L’effet cigogne, kesako ?

L'effet cigogne est une erreur de raisonnement qui consiste à déduire un lien de causalité entre deux événements reliés par une corrélation, sans que ce lien soit vérifié. Corrélation n’est pas raison ! Deux événements sont corrélés si l’on observe une dépendance, une relation entre les deux. Par exemple c’est l’origine de l'expression « effet cigogne » : on constate que, dans les communes où il y a des nids de cigognes, le taux de natalité est plus élevé qu'ailleurs. Conclusion possible, mais non fondée : ce sont les cigognes qui apportent les bébés. En fait, il se trouve que les cigognes nichent plus fréquemment dans les villages que dans les grandes villes qui ont une natalité plus faible qu'en zone rurale.
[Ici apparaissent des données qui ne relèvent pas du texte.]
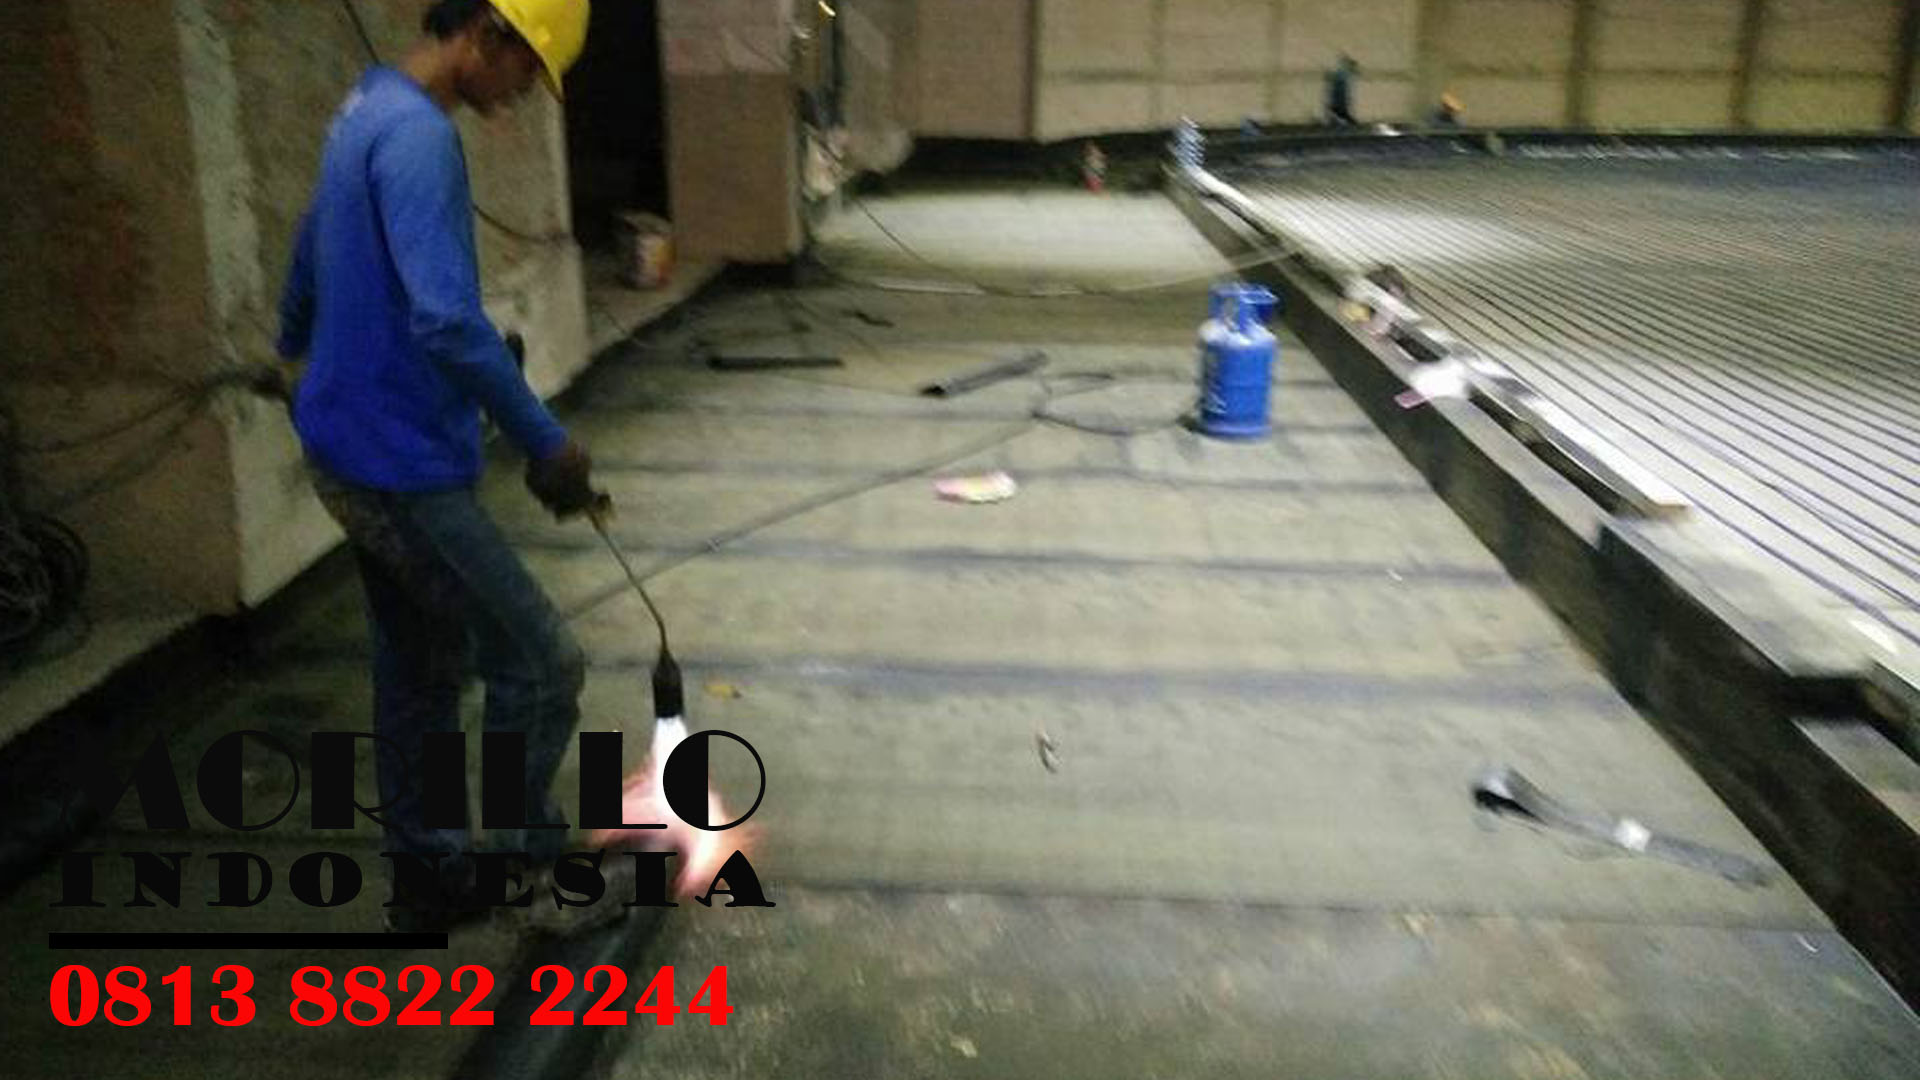 pasang waterproofing coating per meter di Kota SERANG : Call Kami – 0813-8822-2244

Les exemples foisonnent au sein des informations que nous recevons ou des discussions de nos collaborateurs et collaboratrices. En voici un exemple, relaté par le journal Le Monde (notamment reconnu pour sa rigueur). En octobre 2008, il publie un article intitulé « Les femmes, antidote à la crise boursière ». L’éditorialiste Annie Kahn constate que les sociétés qui ont un fort taux de féminisation résistent mieux aux tourmentes des marchés. De cette corrélation, elle en déduit un lien de cause à effet entre les femmes et la résistance des entreprises face aux crises. Est-ce bien raisonnable au regard de la complexité des facteurs influençant le cours de bourse d’une entreprise ?
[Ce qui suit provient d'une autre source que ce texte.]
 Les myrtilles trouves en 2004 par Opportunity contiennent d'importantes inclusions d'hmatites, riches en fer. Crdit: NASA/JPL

De même, dans notre management quotidien, cet effet peut nous influencer. Soit dans nos analyses des résultats des performances de l’équipe, soit dans notre perception de son comportement. Par exemple, nous voyons que la vente de tel produit baisse régulièrement en été, et nous en recherchons les causes. Si jamais nous constatons que cela correspond à un nombre de commerciaux en congé, nous sommes au bord d’un « effet cigogne » : est-ce une causalité pertinente ? Prenons l’exemple de nos perceptions des comportements de notre entourage. Nous sommes en cours de recrutement. Nous avons choisi trois candidats en fonction de leur CV et leur avons donné rendez-vous pour un entretien. L’une des trois personnes arrive en retard. Corrélation : en retard à ce rendez-vous signifie un manque de… L’effet cigogne nous gagne à nouveau !

Comment s’en préserver ?

On voit que cette facilité avec laquelle nous privilégions un facteur parmi d’autres pour lui attribuer la cause d’un phénomène est une pratique très répandue et quotidienne. Vous pourriez dire que c’est normal. Et vous auriez raison si cela ne vous conduisait pas à des décisions et à des actions qui peuvent entraîner des conséquences néfastes.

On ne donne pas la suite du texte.